* [DATA BLOCK]:
----

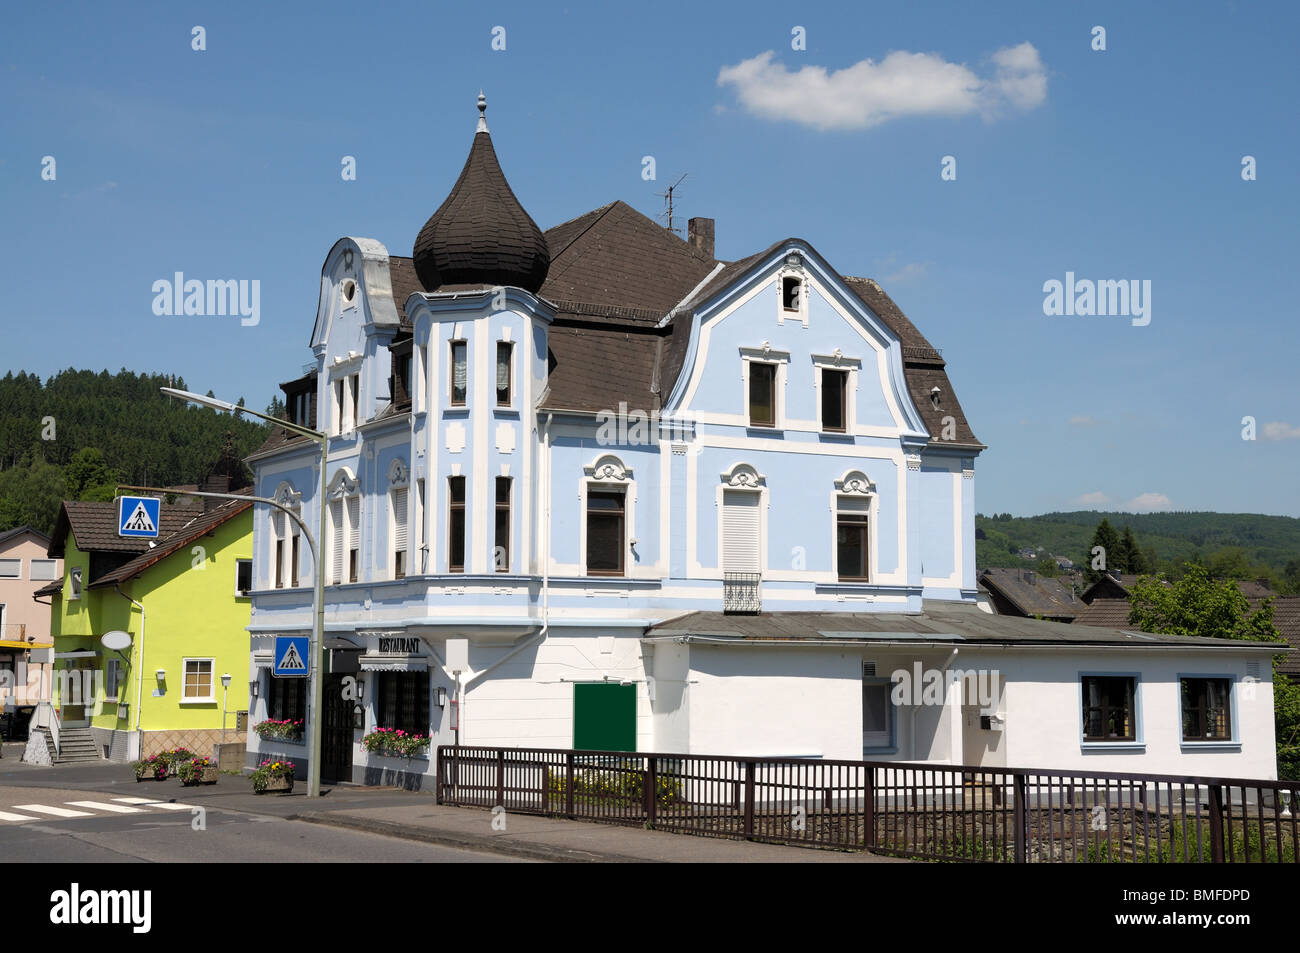 Old house in town Kirchen, North Rhine-Westphalia, Germany Stock Photo
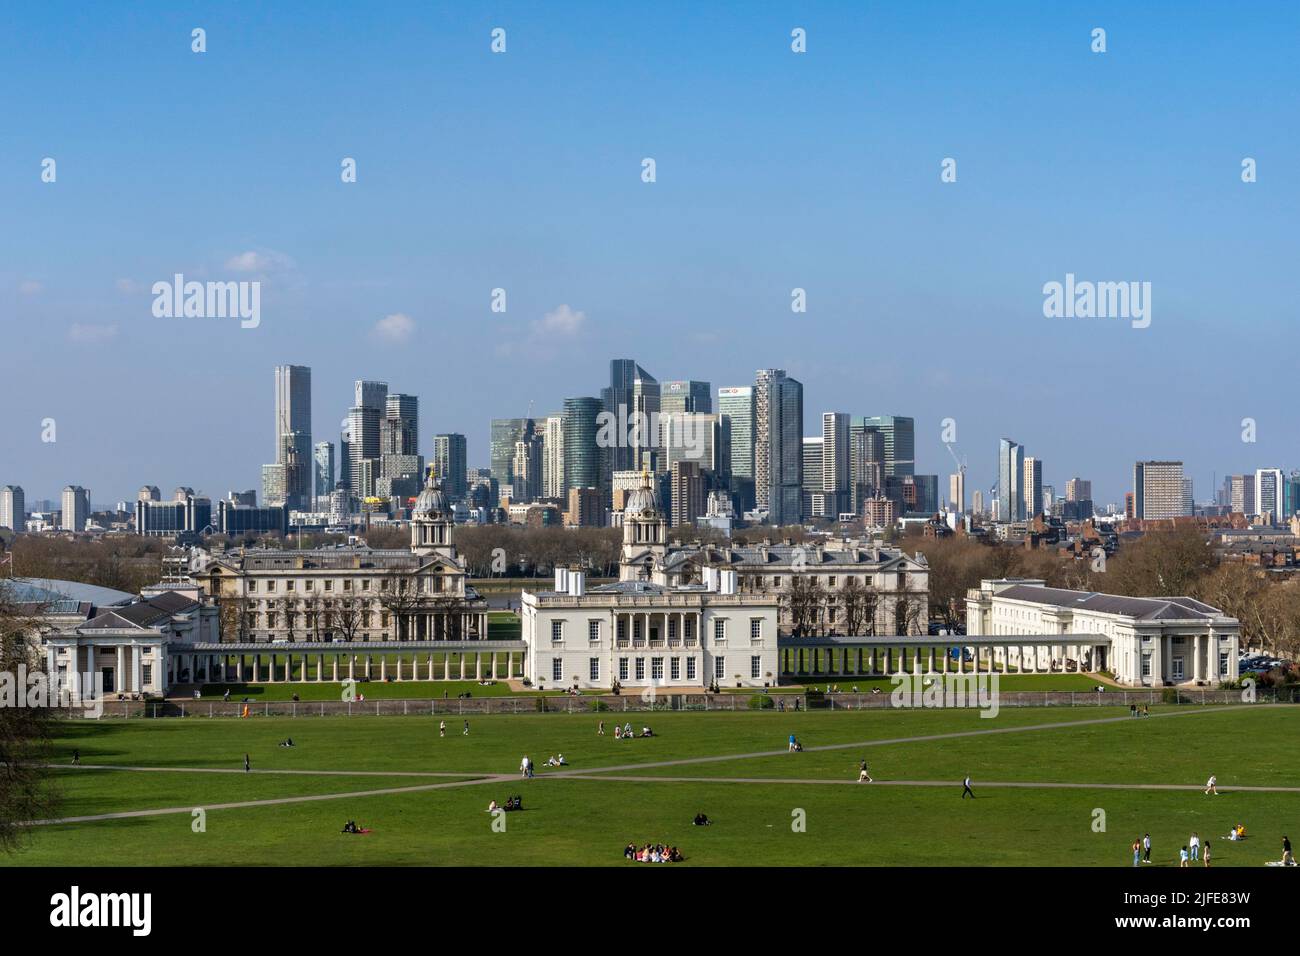 Greenwich Park in East London crisscrossed with paths showing the Queens building and Canary Wharf in the distance on a clear blue sky spring day. Stock Photo
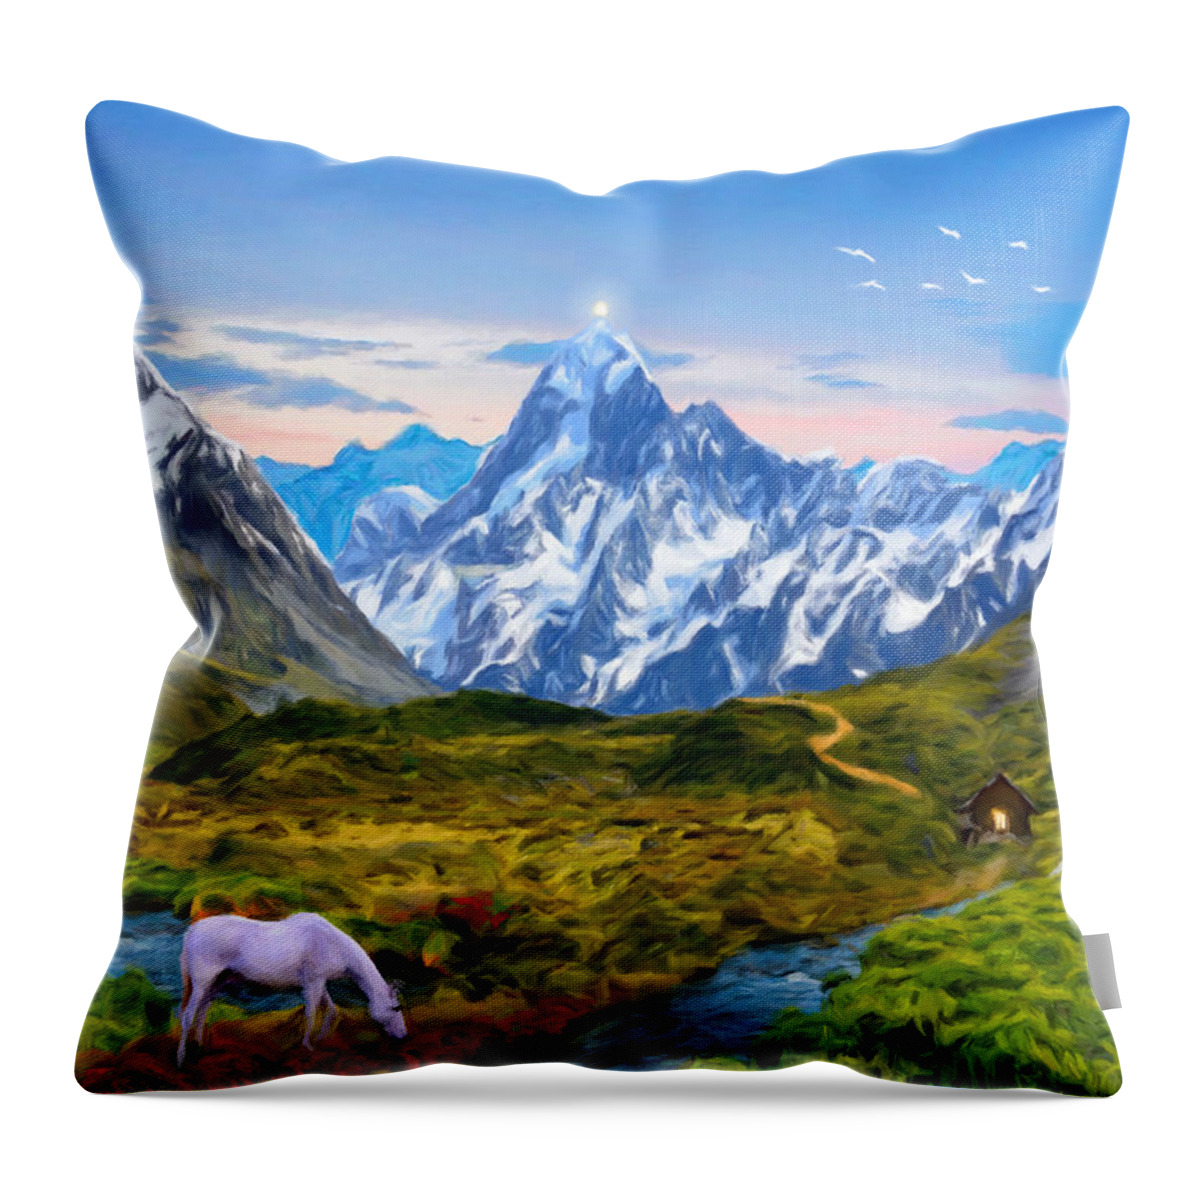  Landscape Throw Pillow featuring the painting The Journey Begins by Trask Ferrero
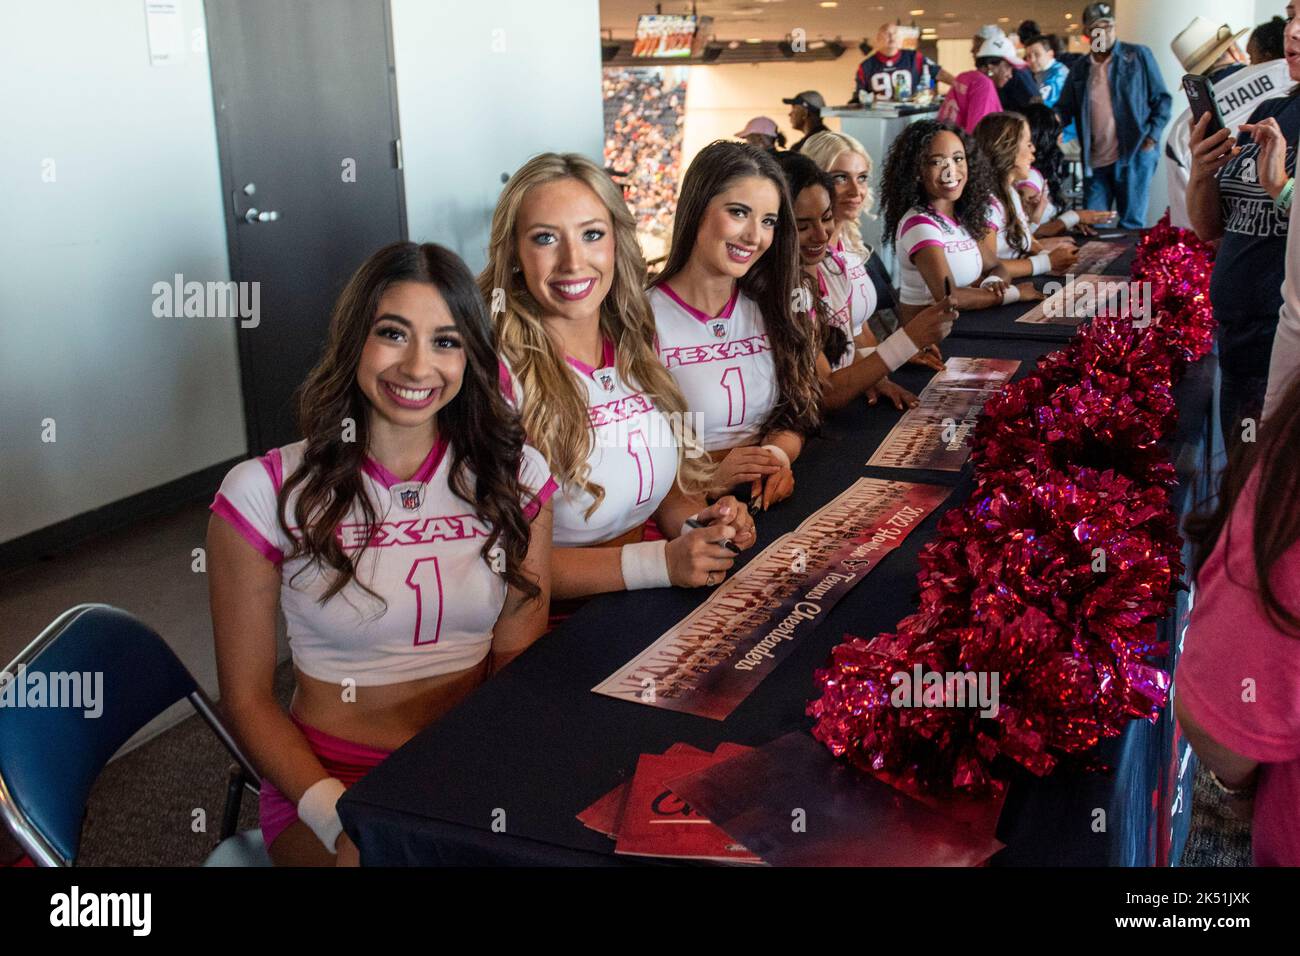 Houston Texans Cheerleaders sign autographs during half-time of the NFL Football Game between the Los Angeles Chargers and the Houston Texans on Sunda Stock Photo

----

* [EXERCISE]:
Starting with the line that contains "Landscape Throw Pillow" and ending with the last line of the data above, transcribe exactly those lines and no others, without pictures.

* [PROBLEM SOLUTION]:
  Landscape Throw Pillow featuring the painting The Journey Begins by Trask Ferrero
 Houston Texans Cheerleaders sign autographs during half-time of the NFL Football Game between the Los Angeles Chargers and the Houston Texans on Sunda Stock Photo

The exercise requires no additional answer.